Bilimsel olarak kanıtlanmış sağlığa faydalarından dolayı ise çoğu kişi için güvenilirdir; epilepsi, metabolik sendrom, polikistik over ve bazı kanser türlerinde beslenme tedavisi olarak uygulanabilir.Bunun yanı sıra sağlıklı bireyler de uzun süredir kilo verme de sıkıntı yaşayanlar, metabolizması yavaşlayanlarda uygulanan bir diyettir. Her yolu denedim kilo veremiyorum diyenler için ketojenik diyeti öneriyorum!

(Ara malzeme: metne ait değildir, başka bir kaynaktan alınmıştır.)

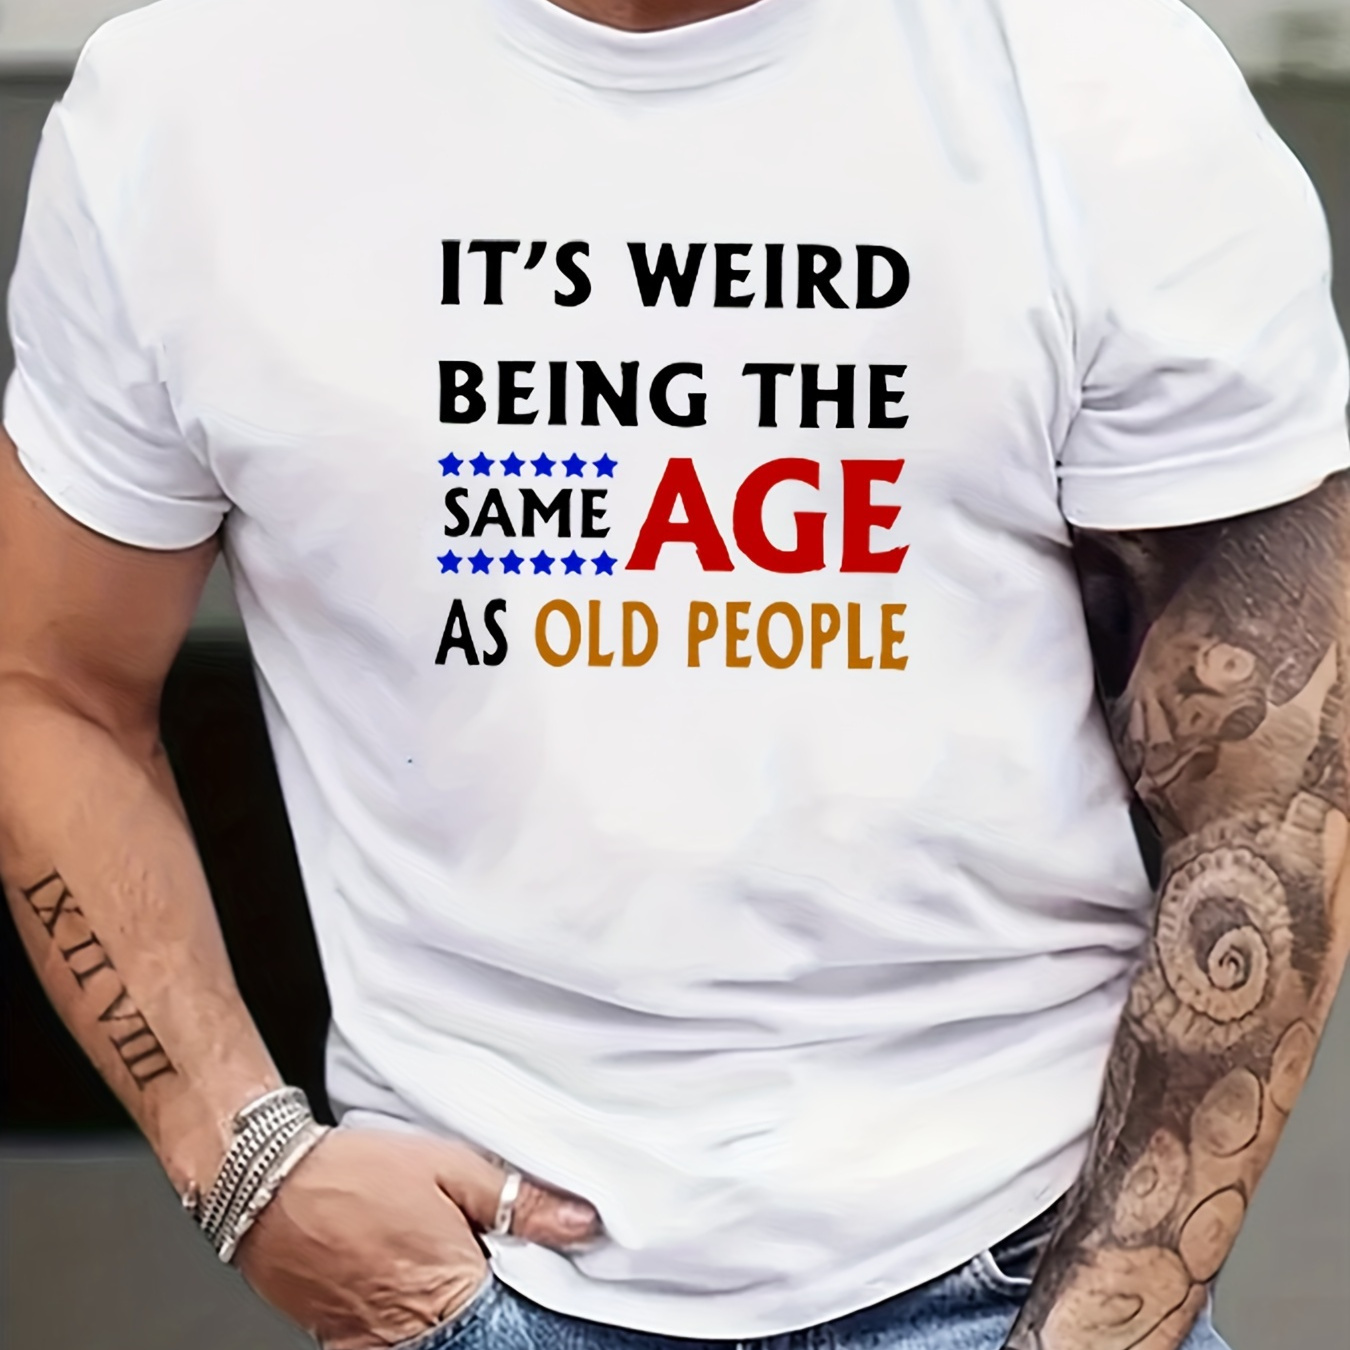 

it's Weird Being The Same Age As Old People" Letters Print Casual Crew Neck Short Sleeves For Men, Comfy Casual Summer T-shirt For Daily Wear Work Out And Vacation Resorts

Ketojenik beslenme mutlaka beslenme uzmanı kontrolünde uygulanmalı. Hamile ve emziren bireylerde, insülin veya ilaç kullanan diyabet hastalarında, yüksek kan basıncı tedavisi gören kişilerde, böbrek hastalığı gibi elektrolit bozukluğu olan kişilerde, hiperkolesterolemi hastalarında uygulanmasını önermiyorum.
{18200}
Sizce ketojenik diyet günümüzde neden bu kadar çok tercih ediliyor?
Yıllardır yağsız beslenme ön plana çıktı ve yıllarca insanlar yağdan kaçarak beslendi. Market raflarında daha çok light, yağsız ibarelerini görmeye başladık. Fakat burada önemli bir ayrıntı hep atlandı. Yağı azaltılan besinler içerisine lezzet arttırmak için daha çok şeker, daha çok katkı maddesi eklendi. Dolayısıyla bunlarla birlikte günümüze kadar kardiyovasküler hastalıklar, diyabet, hipertansiyon, gut, obezite gibi hastalıklar yüksek bir artış göstererek geldi. Yağ tüketimini azaltarak obeziteyle mücadelenin veya hastalıklardan korunmanın işe yaramadığını tersine insulin direnci, diyabet, kalp damar hastalıkları gibi bir çok hastalıklıkların artışına sebep olduğu bilimsel çalışmalarda da görülmektedir. Bu hastalıklardan korunmak istiyorsak yağsız beslenmeden vazgeçeceğiz!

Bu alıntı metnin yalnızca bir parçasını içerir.